Abbreviations: MFP, moiré fringe protection; SL, structured light; SP, stereo photogrammetry.

Structured light

This is an optical technique that projects structured light patterns (usually white light), such as grids, dots, or stripes, onto the subject. Next, a single image of the subject and the projected pattern are acquired by a digital camera within the system. The reconstruction software is initially calibrated with the spatial position of the camera and the specifics of the projected light pattern. The distortion of the light pattern is then analyzed by the system’s software and the 3D shape is inferred from the scale of the visible distortion. Color texture information is inherently registered with the xyz coordinate information. Although technically straightforward, this approach suffers from several problems including:

•

Limitations in accurately capturing occluded areas and steep contours inherent in a single view point of the human face.
•

Inability to generate an accurate 3D model of a human subject’s face from ear to ear (180°). To image the complete craniofacial complex comprising both left and right profiles, a system with at least 2 imaging viewpoints must be used to eliminate the challenges associated with occlusions in the structure of the face, particularly the nasal region. Because of the nature of the pattern projected, these images have to be taken in sequence to avoid pattern interference (ie, a grid pattern from one viewpoint overlapping with a grid pattern from another angle). Sequential image capture extends the acquisition duration because of the time lag, which, for living human subjects, can be detrimental to the resulting data accuracy. This deficiency has reduced the application of this technique in health care.

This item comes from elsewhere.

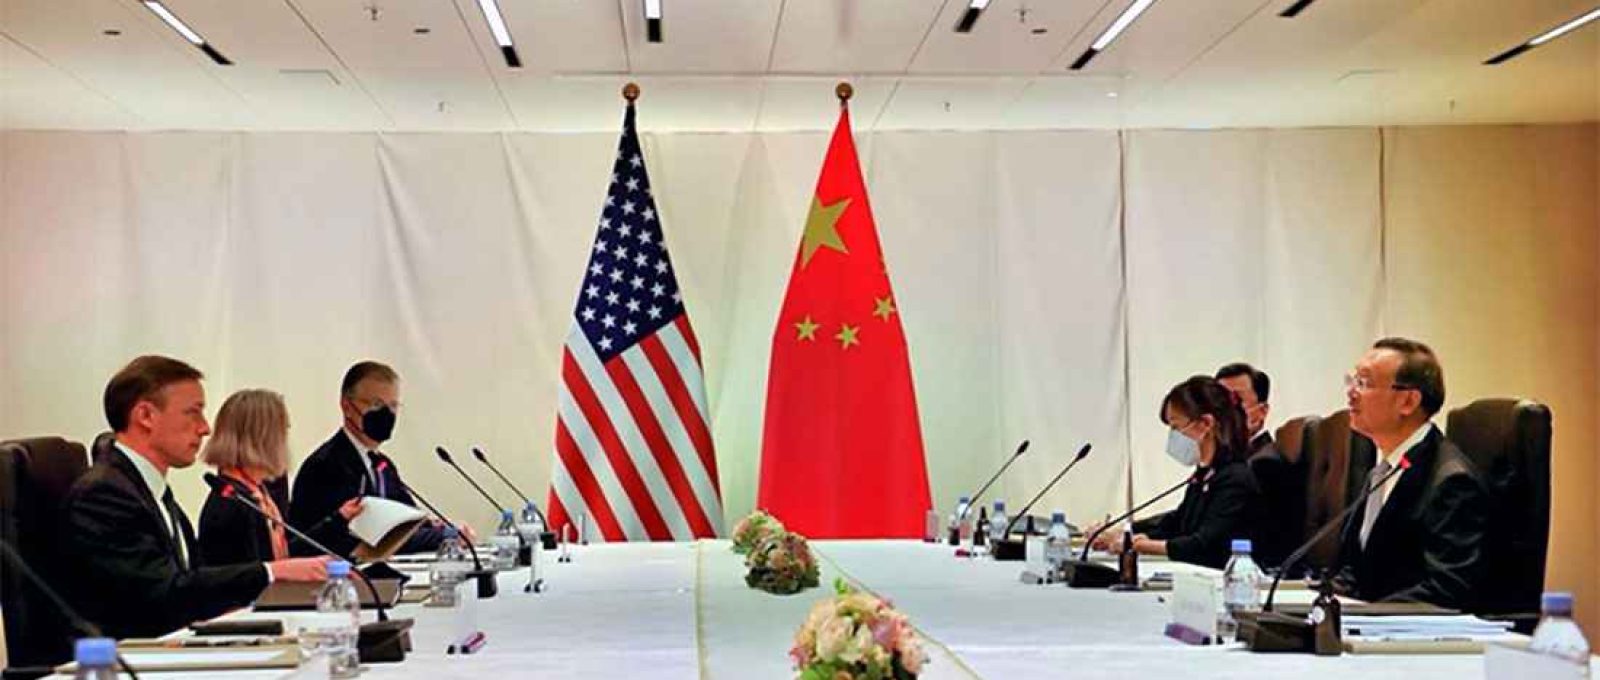 O conselheiro de segurança nacional dos EUA, Jake Sullivan, primeiro à esquerda, em reunião com Yang Jiechi, membro do Birô Político do Comitê Central do Partido Comunista da China, primeiro à direita (Xinhua).

Because of the inherent challenges for achieving accuracy, there are limited studies on the application of this technique to facial imaging in quantification of facial soft tissue changes after surgery, craniofacial assessment, and facial swelling. Mean accuracy has been reported to be approximately 1.25%, with reproducibility being 3.27%.

Moiré fringe projection

This optics-based technique projects a moiré fringe pattern onto the subject and the surface shape is calculated by analyzing the interference between projected patterns from a known point of observation. Moiré fringing is an improvement compared with simple structured light because the pattern used for reconstruction is inherently more granular or dense. In addition, more of the facial profile, especially the topology of the nose, is captured. To capture all of the facial features, up to 5 separate observations are required. Moiré 3D reconstruction suffers the same limitations as structured light because the data acquisition is interspersed with processing and has several other shortcomings including:

•

It significantly increases the time taken to acquire the image. Even with the use of mirrors, each angle has to be acquired separately to avoid unwanted interference across images. In addition, the type of projectors used to project an accurate fringe requires a significant warm-up time and have a residual latency when powering down in comparison with photographic flash.
•

Motion artifacts are inherent and require the use of special compensation algorithms.
•

Careful control of lighting is required to avoid any stray spectral interference with the moiré patterns.

Although industrial engineering tends to uses moiré fringe projection for scanning inanimate objects, application of this methodology to facial imaging has been mainly limited to laboratory conditions for the assessment of age-related skin changes, facial asymmetry, postoperative facial changes, and normal morphology. To date, there has been little published on accuracy validation from a live patient perspective. The general issue with moiré fringe approach for live human subjects is common with other techniques requiring the projection of precalibrated structured light techniques: speed of capture. Although it has been possible to produce limited research in strictly supervised laboratory conditions, this can often entail the taking of several images of the subject until a workable model is captured. Such a workflow tends to inhibit larger data collection exercises in normal clinical environments because the workflow entailed obstructs the regular business of the clinic ( Fig. 4 ).